Stored items from a collection:
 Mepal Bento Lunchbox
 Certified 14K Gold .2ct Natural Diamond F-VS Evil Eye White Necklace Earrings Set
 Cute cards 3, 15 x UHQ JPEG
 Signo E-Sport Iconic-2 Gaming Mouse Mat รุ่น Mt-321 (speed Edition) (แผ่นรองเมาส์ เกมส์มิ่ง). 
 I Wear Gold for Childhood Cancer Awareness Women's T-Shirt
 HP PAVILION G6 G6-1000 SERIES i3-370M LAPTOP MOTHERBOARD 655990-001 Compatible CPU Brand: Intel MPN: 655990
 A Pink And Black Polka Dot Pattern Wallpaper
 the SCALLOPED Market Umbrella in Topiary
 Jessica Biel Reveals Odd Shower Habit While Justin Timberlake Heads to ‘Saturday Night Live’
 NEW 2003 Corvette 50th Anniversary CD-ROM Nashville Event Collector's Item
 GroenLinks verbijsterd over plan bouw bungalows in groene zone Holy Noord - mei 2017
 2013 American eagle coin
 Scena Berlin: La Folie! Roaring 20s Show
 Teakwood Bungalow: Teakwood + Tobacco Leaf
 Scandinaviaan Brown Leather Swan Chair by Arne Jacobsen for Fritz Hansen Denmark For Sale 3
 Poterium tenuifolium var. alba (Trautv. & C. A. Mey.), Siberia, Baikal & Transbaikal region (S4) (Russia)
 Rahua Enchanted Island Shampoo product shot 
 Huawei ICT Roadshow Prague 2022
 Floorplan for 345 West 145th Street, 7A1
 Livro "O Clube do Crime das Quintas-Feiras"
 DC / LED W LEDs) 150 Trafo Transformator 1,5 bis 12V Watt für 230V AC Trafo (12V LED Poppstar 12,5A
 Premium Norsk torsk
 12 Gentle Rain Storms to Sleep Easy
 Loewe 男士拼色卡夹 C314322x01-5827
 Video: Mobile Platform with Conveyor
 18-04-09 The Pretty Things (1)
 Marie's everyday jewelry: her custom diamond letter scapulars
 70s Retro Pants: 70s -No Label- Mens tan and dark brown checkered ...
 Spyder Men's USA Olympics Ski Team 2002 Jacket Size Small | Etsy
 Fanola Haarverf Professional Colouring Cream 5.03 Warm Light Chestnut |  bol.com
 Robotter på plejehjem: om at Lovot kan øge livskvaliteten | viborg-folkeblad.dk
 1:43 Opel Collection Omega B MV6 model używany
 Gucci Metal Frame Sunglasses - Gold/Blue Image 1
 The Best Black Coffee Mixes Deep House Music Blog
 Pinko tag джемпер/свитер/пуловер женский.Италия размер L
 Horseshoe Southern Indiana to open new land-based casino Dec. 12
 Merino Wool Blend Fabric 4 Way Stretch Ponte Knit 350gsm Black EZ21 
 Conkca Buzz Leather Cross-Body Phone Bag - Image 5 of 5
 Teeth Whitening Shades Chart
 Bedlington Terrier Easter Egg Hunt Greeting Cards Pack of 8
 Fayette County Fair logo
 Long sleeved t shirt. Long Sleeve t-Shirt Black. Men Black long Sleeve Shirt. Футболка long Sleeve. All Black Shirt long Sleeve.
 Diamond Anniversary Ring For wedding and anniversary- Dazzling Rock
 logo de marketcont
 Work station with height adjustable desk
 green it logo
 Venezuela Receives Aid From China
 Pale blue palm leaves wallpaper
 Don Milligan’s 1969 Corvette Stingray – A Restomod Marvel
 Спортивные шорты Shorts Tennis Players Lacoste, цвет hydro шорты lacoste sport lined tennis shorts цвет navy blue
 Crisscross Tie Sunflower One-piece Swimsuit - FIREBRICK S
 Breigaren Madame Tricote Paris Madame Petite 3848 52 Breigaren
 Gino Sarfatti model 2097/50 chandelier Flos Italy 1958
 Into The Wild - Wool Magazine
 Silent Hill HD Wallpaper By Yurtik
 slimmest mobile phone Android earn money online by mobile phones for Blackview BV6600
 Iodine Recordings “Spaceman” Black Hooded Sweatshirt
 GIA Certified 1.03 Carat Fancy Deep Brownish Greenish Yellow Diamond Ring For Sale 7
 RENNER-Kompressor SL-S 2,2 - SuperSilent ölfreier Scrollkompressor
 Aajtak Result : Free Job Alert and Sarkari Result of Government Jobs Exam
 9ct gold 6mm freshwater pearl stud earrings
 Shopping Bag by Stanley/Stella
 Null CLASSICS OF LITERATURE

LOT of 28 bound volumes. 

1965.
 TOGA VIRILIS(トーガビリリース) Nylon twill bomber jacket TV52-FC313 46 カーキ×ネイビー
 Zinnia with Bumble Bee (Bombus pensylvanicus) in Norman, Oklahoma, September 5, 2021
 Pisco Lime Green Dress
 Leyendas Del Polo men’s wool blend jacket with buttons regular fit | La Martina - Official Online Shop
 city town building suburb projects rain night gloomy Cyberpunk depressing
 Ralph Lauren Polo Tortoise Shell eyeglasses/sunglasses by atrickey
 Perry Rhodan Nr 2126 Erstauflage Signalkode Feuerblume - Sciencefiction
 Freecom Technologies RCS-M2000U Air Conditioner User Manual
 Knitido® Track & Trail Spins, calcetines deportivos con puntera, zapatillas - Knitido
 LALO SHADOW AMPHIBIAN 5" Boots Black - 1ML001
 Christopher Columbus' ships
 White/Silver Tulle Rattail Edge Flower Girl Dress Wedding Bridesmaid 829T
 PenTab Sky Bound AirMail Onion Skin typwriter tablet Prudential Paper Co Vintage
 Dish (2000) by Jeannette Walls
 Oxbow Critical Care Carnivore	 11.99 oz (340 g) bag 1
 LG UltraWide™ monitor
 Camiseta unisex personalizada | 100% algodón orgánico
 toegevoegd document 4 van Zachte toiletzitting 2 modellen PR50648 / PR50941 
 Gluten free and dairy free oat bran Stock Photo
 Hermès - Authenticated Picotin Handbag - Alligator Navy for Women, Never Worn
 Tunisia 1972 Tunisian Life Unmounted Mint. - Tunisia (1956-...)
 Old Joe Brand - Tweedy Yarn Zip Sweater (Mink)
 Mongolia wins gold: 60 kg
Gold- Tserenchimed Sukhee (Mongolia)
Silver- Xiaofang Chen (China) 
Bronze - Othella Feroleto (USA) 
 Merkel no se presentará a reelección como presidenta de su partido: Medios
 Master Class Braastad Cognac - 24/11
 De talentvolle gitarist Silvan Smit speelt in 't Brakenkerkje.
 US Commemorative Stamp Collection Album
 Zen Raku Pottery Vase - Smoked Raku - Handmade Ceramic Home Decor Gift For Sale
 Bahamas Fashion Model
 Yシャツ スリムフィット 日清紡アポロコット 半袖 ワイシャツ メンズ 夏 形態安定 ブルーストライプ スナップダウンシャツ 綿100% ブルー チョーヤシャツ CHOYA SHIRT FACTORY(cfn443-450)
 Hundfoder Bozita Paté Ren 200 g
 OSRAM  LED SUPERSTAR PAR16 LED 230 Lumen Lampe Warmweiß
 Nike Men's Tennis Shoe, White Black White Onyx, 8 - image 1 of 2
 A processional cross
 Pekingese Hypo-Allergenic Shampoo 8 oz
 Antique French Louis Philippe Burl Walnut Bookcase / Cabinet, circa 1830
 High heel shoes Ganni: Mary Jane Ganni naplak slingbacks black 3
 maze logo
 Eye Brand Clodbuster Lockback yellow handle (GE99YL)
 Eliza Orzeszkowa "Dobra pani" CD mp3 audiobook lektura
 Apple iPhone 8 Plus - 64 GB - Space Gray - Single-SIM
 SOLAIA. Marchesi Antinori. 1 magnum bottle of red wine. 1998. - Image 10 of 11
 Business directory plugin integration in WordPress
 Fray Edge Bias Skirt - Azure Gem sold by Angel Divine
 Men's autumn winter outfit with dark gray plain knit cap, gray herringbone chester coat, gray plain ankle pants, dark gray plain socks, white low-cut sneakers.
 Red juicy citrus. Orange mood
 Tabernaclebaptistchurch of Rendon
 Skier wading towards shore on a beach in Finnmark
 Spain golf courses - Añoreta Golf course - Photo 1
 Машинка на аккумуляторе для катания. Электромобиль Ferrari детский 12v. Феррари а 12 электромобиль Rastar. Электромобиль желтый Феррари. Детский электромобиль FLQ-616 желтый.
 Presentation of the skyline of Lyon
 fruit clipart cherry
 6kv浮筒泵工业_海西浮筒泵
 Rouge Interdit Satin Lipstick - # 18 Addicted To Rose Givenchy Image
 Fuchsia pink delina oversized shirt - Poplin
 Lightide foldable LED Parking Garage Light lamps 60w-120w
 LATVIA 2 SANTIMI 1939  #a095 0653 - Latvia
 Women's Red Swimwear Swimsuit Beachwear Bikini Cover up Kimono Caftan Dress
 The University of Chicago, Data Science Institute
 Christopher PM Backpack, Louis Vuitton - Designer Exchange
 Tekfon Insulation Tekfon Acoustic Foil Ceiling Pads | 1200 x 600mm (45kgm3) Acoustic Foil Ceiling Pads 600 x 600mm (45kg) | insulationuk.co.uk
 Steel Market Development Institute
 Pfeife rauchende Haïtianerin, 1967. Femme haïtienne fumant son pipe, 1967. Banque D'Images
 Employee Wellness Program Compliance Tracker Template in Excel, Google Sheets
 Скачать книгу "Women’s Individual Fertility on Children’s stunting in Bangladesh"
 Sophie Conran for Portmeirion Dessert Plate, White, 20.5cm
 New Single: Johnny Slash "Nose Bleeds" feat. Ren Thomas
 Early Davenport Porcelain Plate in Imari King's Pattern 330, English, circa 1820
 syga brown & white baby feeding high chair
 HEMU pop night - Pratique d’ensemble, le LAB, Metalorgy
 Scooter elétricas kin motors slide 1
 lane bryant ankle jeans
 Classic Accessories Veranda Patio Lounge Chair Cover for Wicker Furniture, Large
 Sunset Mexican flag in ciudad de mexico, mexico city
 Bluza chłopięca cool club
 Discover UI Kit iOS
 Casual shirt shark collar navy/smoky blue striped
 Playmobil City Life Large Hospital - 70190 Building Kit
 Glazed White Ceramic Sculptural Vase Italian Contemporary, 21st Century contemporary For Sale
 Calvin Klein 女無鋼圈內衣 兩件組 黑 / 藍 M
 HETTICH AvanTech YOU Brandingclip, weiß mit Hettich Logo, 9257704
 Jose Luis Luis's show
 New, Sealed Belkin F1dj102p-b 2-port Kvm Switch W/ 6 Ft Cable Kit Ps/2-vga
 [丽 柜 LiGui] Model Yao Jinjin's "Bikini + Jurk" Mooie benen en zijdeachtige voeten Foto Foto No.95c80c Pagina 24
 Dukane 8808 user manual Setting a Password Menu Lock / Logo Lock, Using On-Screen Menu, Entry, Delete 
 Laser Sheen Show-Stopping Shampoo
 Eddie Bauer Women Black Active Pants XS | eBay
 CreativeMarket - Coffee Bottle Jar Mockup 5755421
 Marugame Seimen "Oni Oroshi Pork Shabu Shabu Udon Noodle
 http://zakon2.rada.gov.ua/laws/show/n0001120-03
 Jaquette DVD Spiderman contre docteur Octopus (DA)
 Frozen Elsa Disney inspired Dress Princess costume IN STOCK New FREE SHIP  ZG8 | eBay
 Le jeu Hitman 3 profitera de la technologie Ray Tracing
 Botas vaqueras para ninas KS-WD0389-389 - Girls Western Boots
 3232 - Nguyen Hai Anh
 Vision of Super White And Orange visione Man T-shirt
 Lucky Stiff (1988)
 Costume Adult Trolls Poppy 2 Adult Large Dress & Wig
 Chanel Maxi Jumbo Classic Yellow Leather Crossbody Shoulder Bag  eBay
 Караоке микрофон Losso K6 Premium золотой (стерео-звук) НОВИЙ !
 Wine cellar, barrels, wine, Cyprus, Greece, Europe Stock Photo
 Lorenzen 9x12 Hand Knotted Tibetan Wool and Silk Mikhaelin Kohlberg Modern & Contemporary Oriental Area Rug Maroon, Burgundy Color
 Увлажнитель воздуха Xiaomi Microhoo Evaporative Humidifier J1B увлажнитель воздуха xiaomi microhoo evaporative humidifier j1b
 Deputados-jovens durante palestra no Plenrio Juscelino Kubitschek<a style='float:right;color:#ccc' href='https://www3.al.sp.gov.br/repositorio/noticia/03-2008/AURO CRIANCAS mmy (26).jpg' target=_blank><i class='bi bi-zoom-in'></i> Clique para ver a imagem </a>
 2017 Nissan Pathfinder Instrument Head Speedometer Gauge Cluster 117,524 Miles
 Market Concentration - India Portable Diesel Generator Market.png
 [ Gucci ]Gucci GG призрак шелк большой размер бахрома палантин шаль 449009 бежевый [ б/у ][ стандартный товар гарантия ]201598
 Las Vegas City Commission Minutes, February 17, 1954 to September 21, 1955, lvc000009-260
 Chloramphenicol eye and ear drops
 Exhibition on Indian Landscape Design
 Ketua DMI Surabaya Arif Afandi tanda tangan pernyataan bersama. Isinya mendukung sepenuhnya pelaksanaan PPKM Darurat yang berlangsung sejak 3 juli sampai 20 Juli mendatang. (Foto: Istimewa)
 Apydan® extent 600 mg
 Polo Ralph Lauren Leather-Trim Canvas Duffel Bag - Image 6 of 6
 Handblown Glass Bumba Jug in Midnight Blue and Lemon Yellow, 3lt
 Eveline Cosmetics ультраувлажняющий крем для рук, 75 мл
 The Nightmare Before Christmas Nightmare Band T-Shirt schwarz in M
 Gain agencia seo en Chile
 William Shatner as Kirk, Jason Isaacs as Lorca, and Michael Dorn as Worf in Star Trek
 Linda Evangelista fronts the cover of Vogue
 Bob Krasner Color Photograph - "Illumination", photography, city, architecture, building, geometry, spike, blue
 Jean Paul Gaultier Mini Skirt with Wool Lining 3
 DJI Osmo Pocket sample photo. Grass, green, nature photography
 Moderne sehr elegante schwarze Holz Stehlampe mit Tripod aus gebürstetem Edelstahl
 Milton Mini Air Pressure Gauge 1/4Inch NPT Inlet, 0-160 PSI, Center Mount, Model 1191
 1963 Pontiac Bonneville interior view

▶ **ASSIGNMENT**: Bring together all lines in the records where the word "Institute" is found.

▶ **OUTPUT FOR THIS EXERCISE**:
 The University of Chicago, Data Science Institute
 Steel Market Development Institute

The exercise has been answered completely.